The finding that advice on use of stop-smoking medication was rare is consistent with previous research [7, 8, 10]. However, there was one exception: A recently published study suggested that a reasonably large number of smoking cessation apps (41 out of 225 apps) assessed in the study discussed pharmaceutical products [11]. Based on the results from a majority of published studies, the advice on use of stop-smoking medication could be an important omission given that the use of, and adherence to, stop-smoking medication is typically low. Other research has found that adherence to smoking cessation medication was improved by means of a website-mediated intervention that increased cessation rates [42]. As found in other studies, use of other four BCTs was also relatively uncommon (lower estimates 17.9 to 50.5 %), which suggests that smoking cessation apps lack evidence-based content [711].

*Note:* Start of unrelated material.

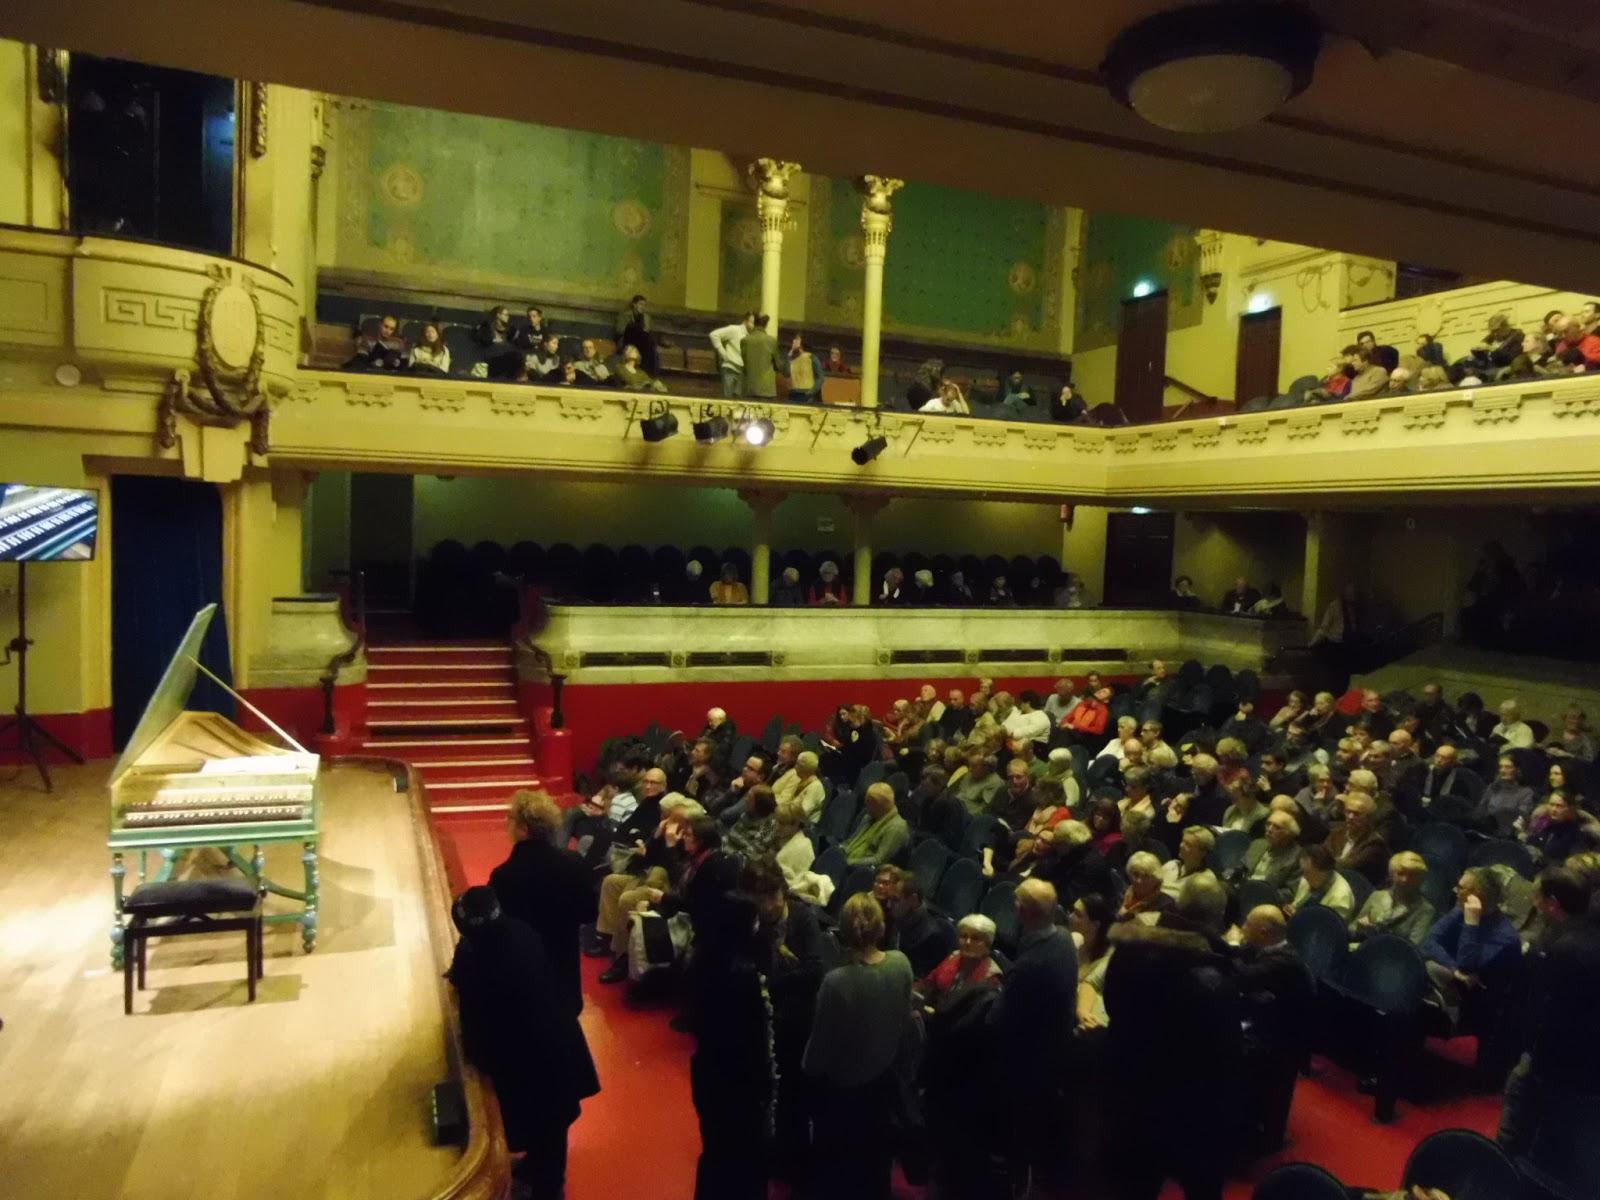 Piano A Lyon Jean Rondeau Triomphe Au Clavecin A La Salle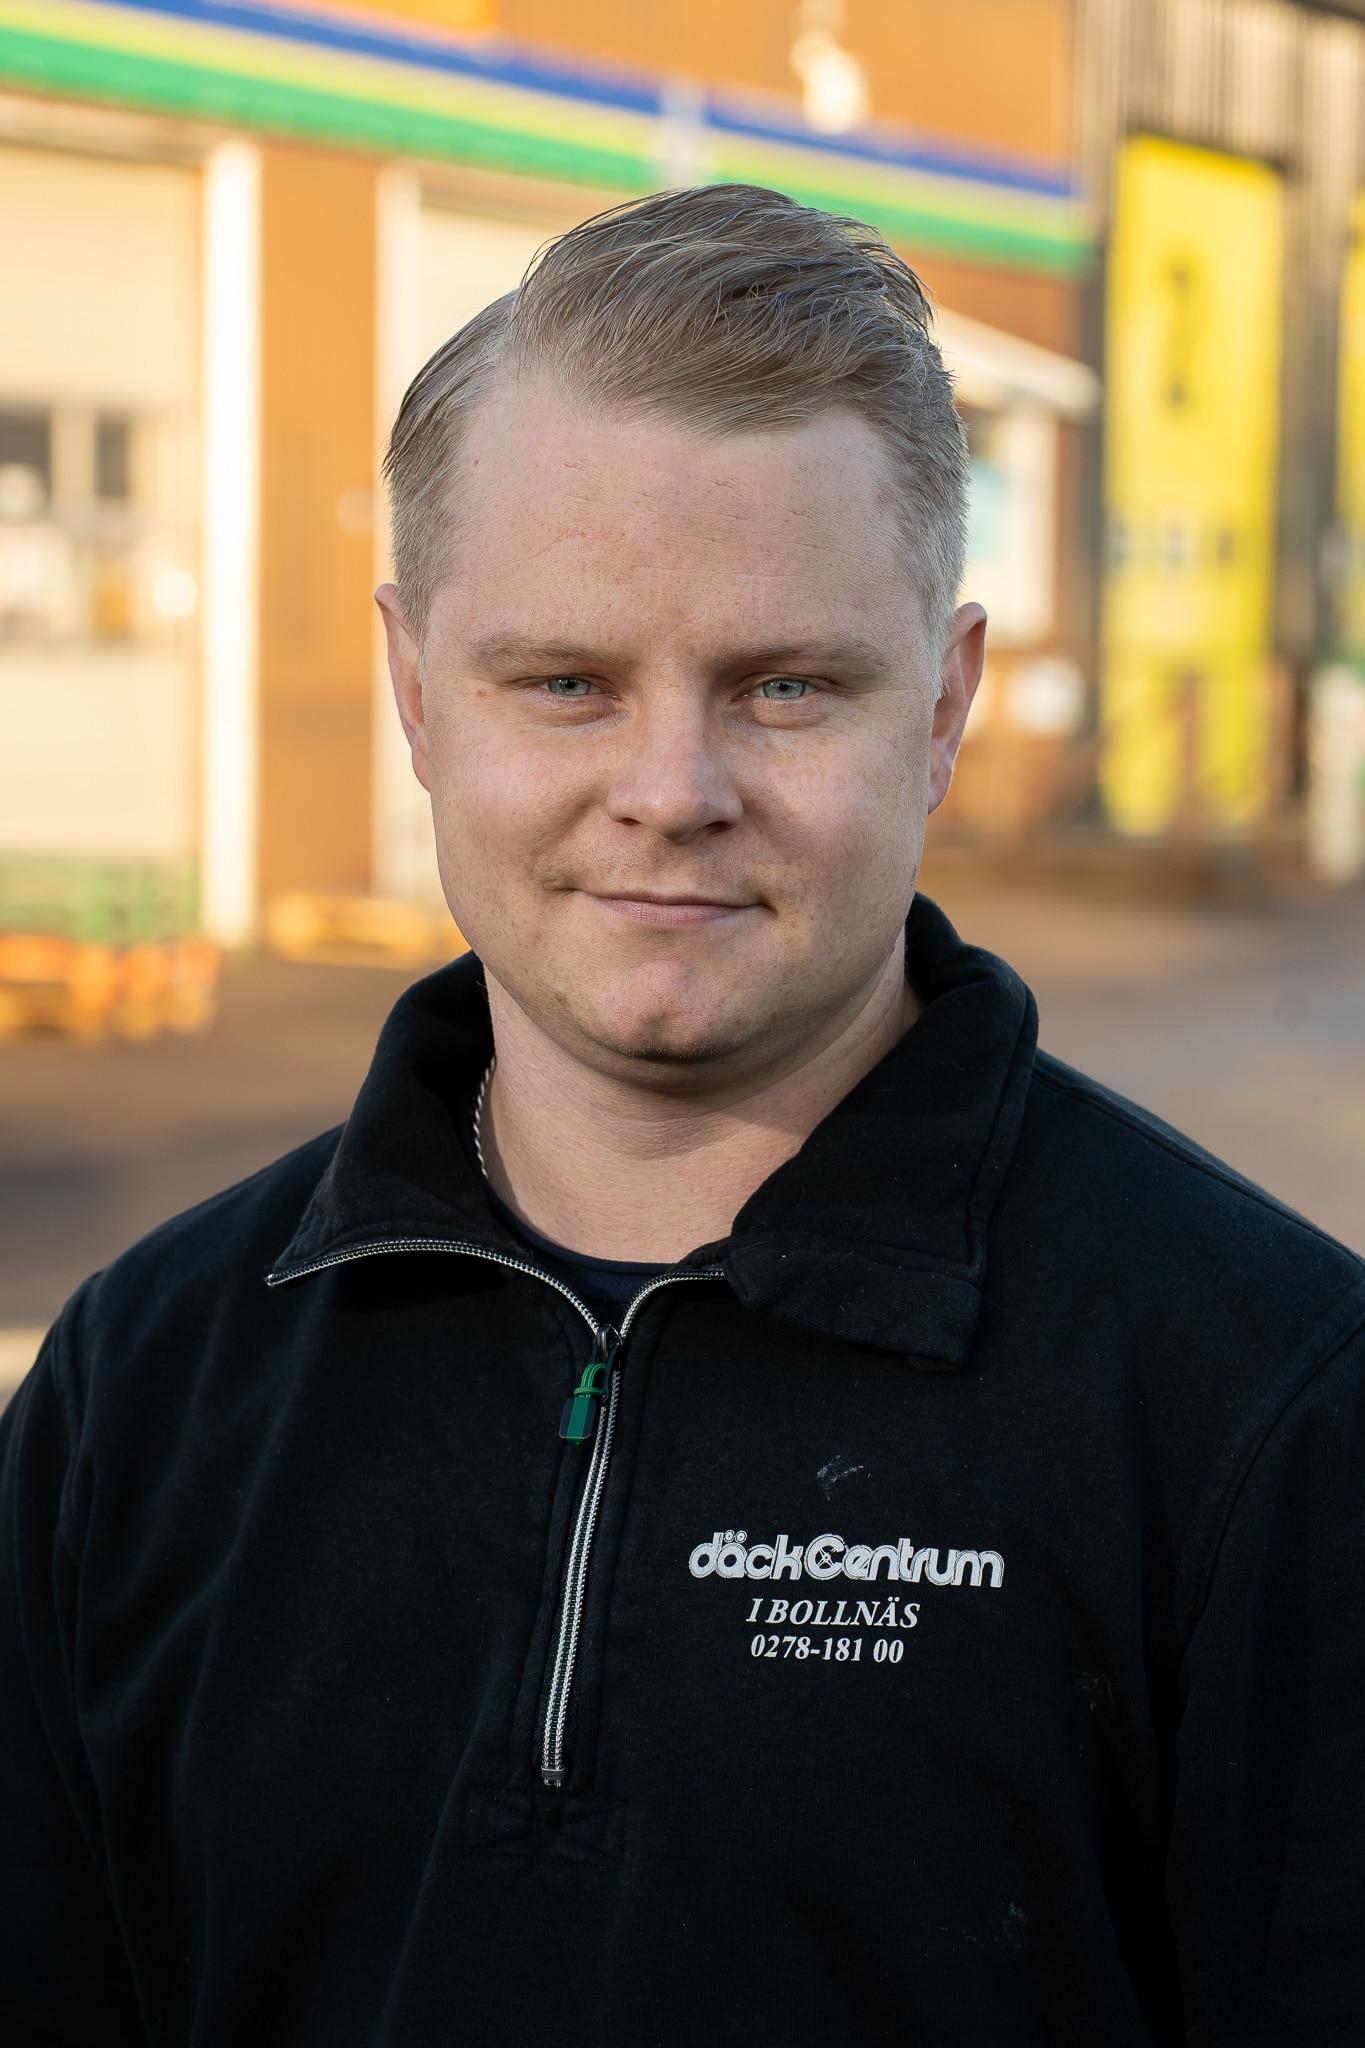 Anton Högberg Däckab Däckcentrum Bollnäs. Foto: Morgan Grip / Mediamakarna Grip

The fact that the apps, on an average, contained a relatively high proportion of engagement and ease-of-use features suggests that the designers were paying attention to issues such as high attrition rates. However, even if an app is engaging and easy to use does not necessarily mean that it will be effective for smoking cessation or for other health behaviour changes. For example, with fitness and weight loss apps, evidence suggests that popularity and usage are not related to effectiveness [43]. Scientific research into ‘health and fitness’ apps is at a very early stage, and this study is an initial but necessary step in the process of finding out how these apps should be designed for maximum effect.

Limitations

One limitation of this study was that only Apple’s iPhone apps were evaluated. It seems unlikely that inclusion of Android apps would have substantially altered the assessment of coding reliability (as most of the apps are identical for iPhones as well as for Android phones). However, there may be some differences between apps available on iPhones and on Android phones in terms of design and functionality. A second limitation is that the coding only noted the presence or absence of BCTs, engagement and ease-of-use features. It is much more challenging to assess the extent of use of these features or their quality, even though both of these may play a major role in app effectiveness. This is an important area for future research. A third limitation is that while every effort was made to select relevant features, we may have missed some features that are crucial, in terms of content, effectiveness and engagement. For example, we did not code content features, which offered additional support or elicited users’ views. When the coding system is used to predict outcomes and actual engagement, it will be important to consider additional elements that might be relevant. A fourth limitation is that only two coders were used. This is a standard practice for BCT reliability studies. The coders were not selected to be experts and received little training and induction, it suggests that the system could be widely used. However, in future studies, it would be useful to examine whether a brief training curriculum provided to coders in using the smoking-specific taxonomy would maximise the reliability and confidence of using the taxonomy between coders. Furthermore, the inter-rater reliability was only moderate. This may be improved by putting a training programme in place. A fifth limitation is that the apps coded were the ones that were available in 2012. This is a rapidly developing space, and it will be interesting to see whether the developments in this area will lead future apps to become more evidence-based.

Summary

In summary, this study found that it is possible to identify potentially useful BCTs in smoking cessation smartphone apps with fair to high inter-rater reliability and that it is possible to identify engagement and ease-of-use with high reliability. Smoking cessation apps available on the Apple app store in 2012 tended to focus on supporting identity change and rewarding abstinence (usually praise), while a very few of those apps made reference to stop-smoking medication.